Доктор Рагин из повести «Палата № 6» почувствовал свою погибель, когда понял, что его объявили сумасшедшим, отправили в отставку, обрекли на нищету. Былая философия не спасла. Он «предавался мелочным мыслям, которых никак не мог побороть», обидам, неприязни к людям: «надушу его пластами ложилась накипь». Он, который всегда говорил тихо, «тонким, мягким тенорком», однажды, когда накипь и подошла к горлу, вдруг закричал «не своим голосом, багровея и дрожа всем телом. — Вон! Оба вон, оба!». Ему потом было и стыдно, и досадно на себя: «Где же ум и такт? Где уразумение вещей и философское равнодушие?» Неизлечимая болезнь одного, оскорбительная, возрастающая нищета другого и сотворенная по отношению к нему несправедливость словно поработили мысли и чувства героев этих двух повестей.

Весной 1892 года Чехов возобновил работу над повестью «Рассказ неизвестного человека», которую начал несколько лет назад, потом отложил. Герой ее, который тоже серьезно болен, у него чахотка, заметил в себе кое-что, что показалось ему «поважнее чахотки» — «страстную, раздражающую жажду обыкновенной, обывательской жизни». Ему, как он думал, может быть, под влиянием болезни, «хотелось душевного покоя, здоровья, хорошего воздуха, сытости». И здесь — заколдованный круг?

По-видимому, не отвлеченная философская проблема, не сложная психологическая тема, а нечто иное могло быть причиной такого сосредоточенного внимания Чехова к душевному состоянию обреченного человека. И это обнаруживали его письма последних лет, с каждым годом всё чаще и отчетливее.

* * *

Бесконечные шутки насчет аукциона были небезобидными и таили не только намек на судьбу родительского дома в Таганроге. Едва переехав в Мелихово, Чехов написал Киселеву: «К тому же <…> пока я жив и зарабатываю 4–5 тысяч в год, долги будут казаться игрушкой <…> а вдруг я уйду от вас грешных в иной мир, т. е. поколею? Тогда герцогство с долгами явится для моих маститых родителей и Ма-Па такою обузою, что они завопиют к небу».

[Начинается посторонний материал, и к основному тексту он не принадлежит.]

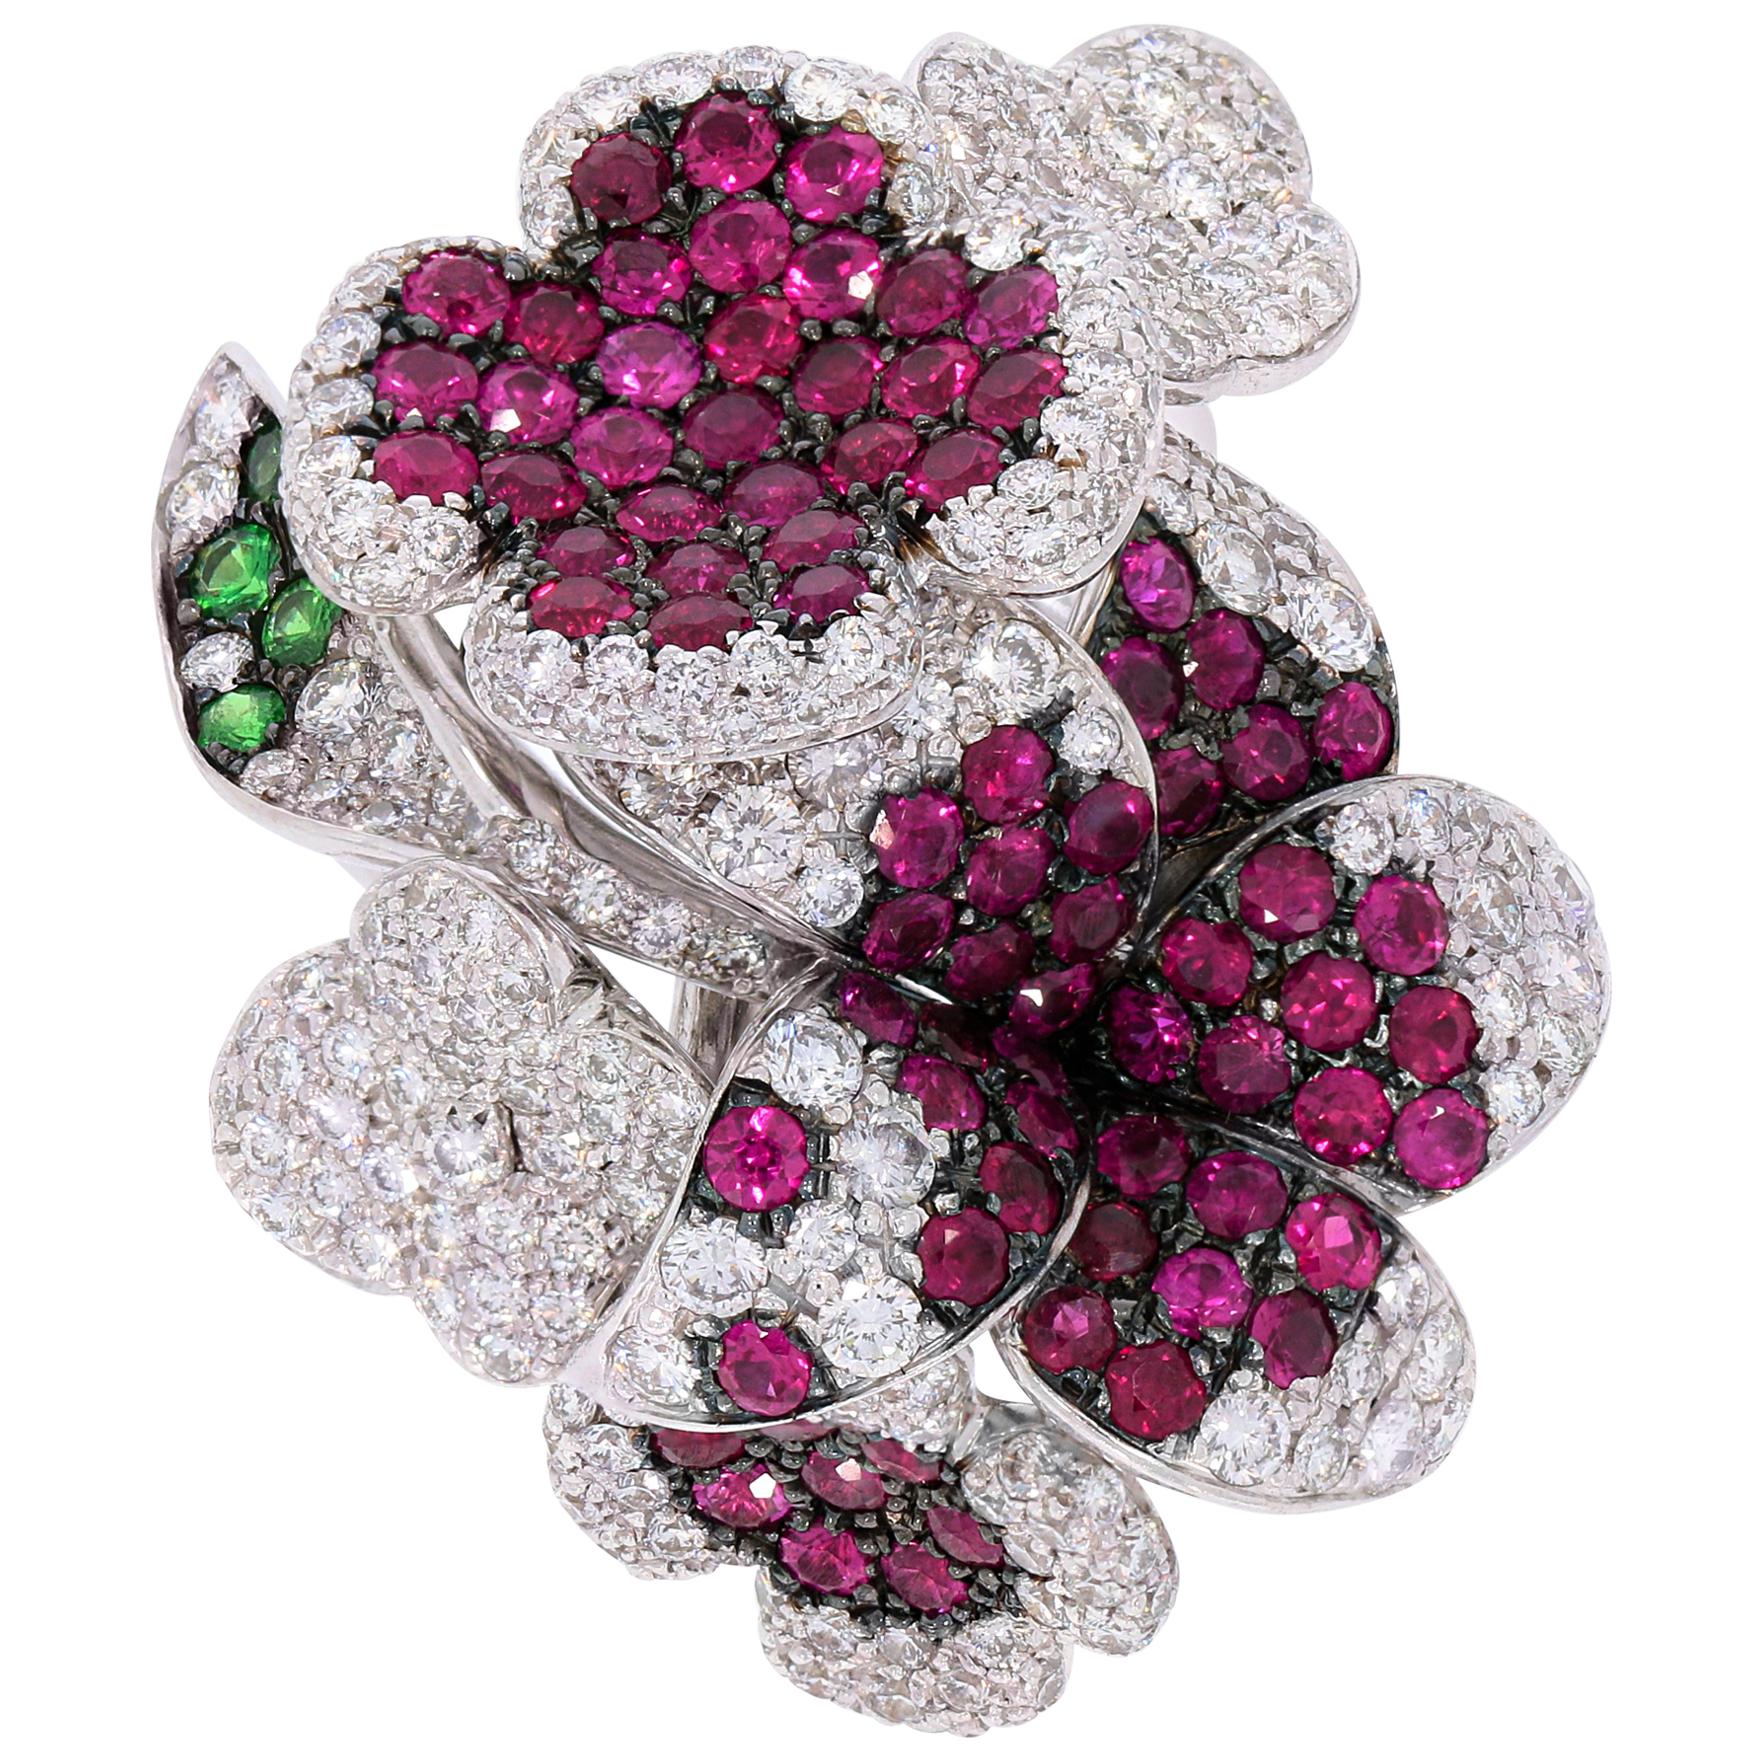 Rosior one-off Ruby and Diamond "Flower" Cocktail Ring set in White Gold
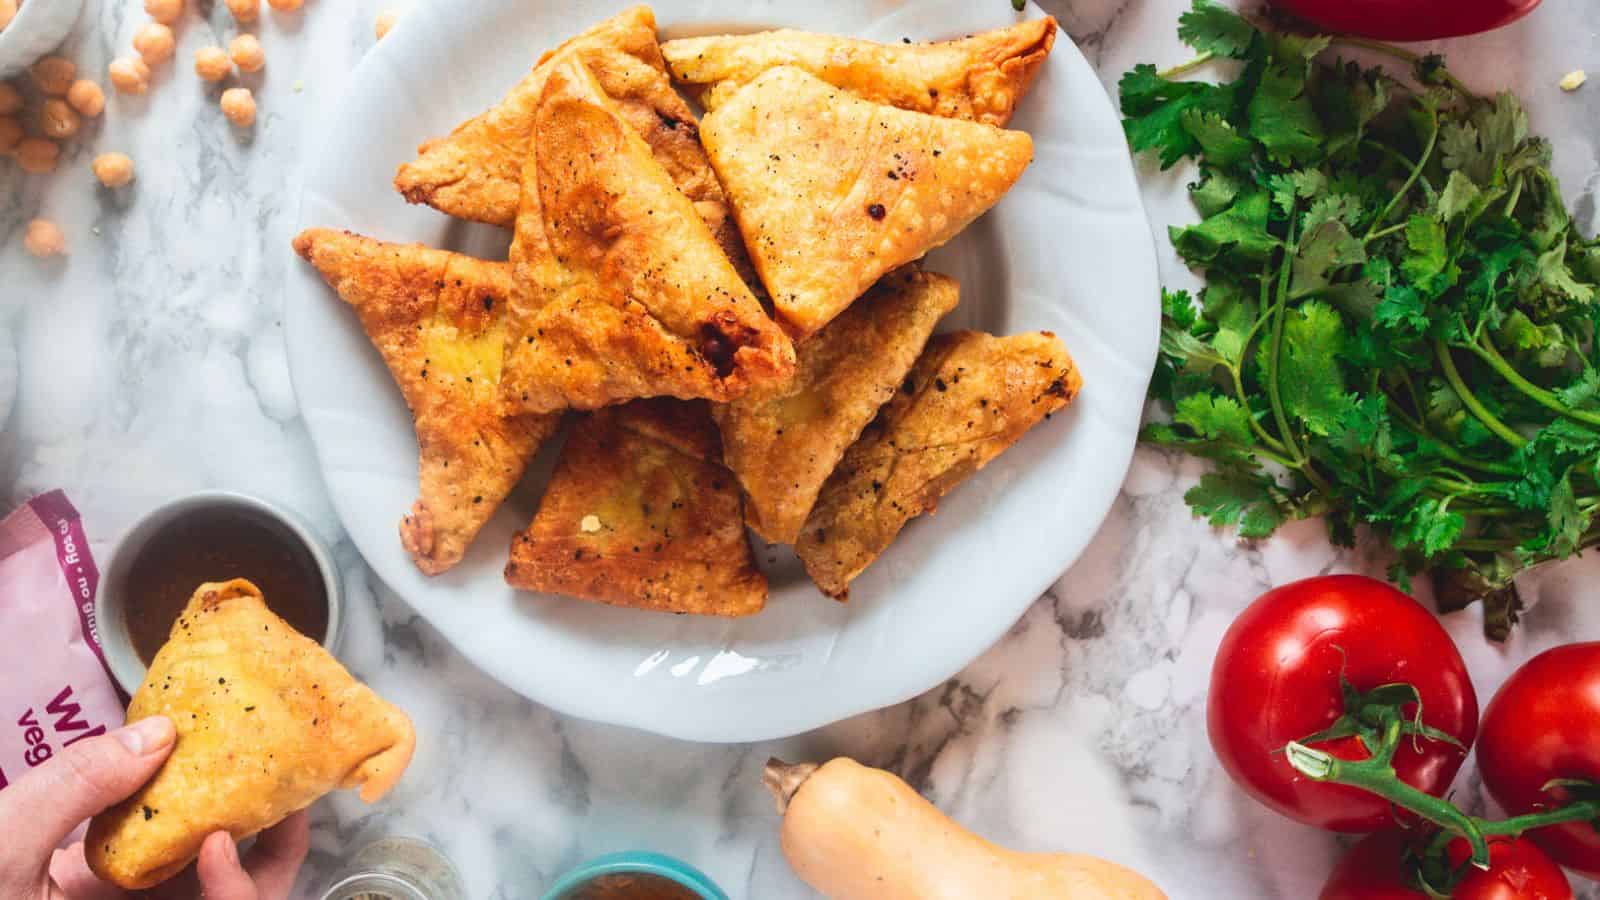 A plate with a plate of vegetables and a plate of samosas.

Грубоватое «поколею» не скрывало серьезности положения. Тем более что по просьбам к брату Ивану о лекарствах можно предположить, что напряженнейшая работа над повестью вызвала кровохарканье. Хотя уже миновало весеннее вскрытие рек, обыкновенно совпадавшее с обострением легочного процесса, но болезнь обострялась от неустойчивой погоды, холодных ветров.

Была ли мысль о чахотке, о смерти или о семейном плене «заколдованным кругом» Чехова? И если так, как он размыкал его? Не роптал, не брюзжал? Принимал ли жизнь такою, какая она есть, и мыслил обо всех по-христиански, о чем писал три года назад, размышляя о герое «Скучной истории»?

16 июня 1892 года Чехов рассказывал о себе в письме Суворину. В этом признании есть немаловажное уточнение: «Душа моя просится вширь и ввысь, но поневоле приходится вести жизнь узенькую, ушедшую в сволочные рубли и копейки. Нет ничего пошлее мещанской жизни с ее грошами, харчами, нелепыми разговорами и никому ненужной условной добродетелью. Душа моя изныла от сознания, что я работаю ради денег и что деньги центр моей деятельности. Ноющее чувство это вместе со справедливостью делают в моих глазах писательство мое занятием презренным, я не уважаю того, что я пишу, я вял и скучен самому себе, и рад, что у меня есть медицина, которою я, как бы то ни было, занимаюсь все-таки не для денег. Надо бы выкупаться в серной кислоте и совлечь с себя кожу и потом обрасти новой шерстью».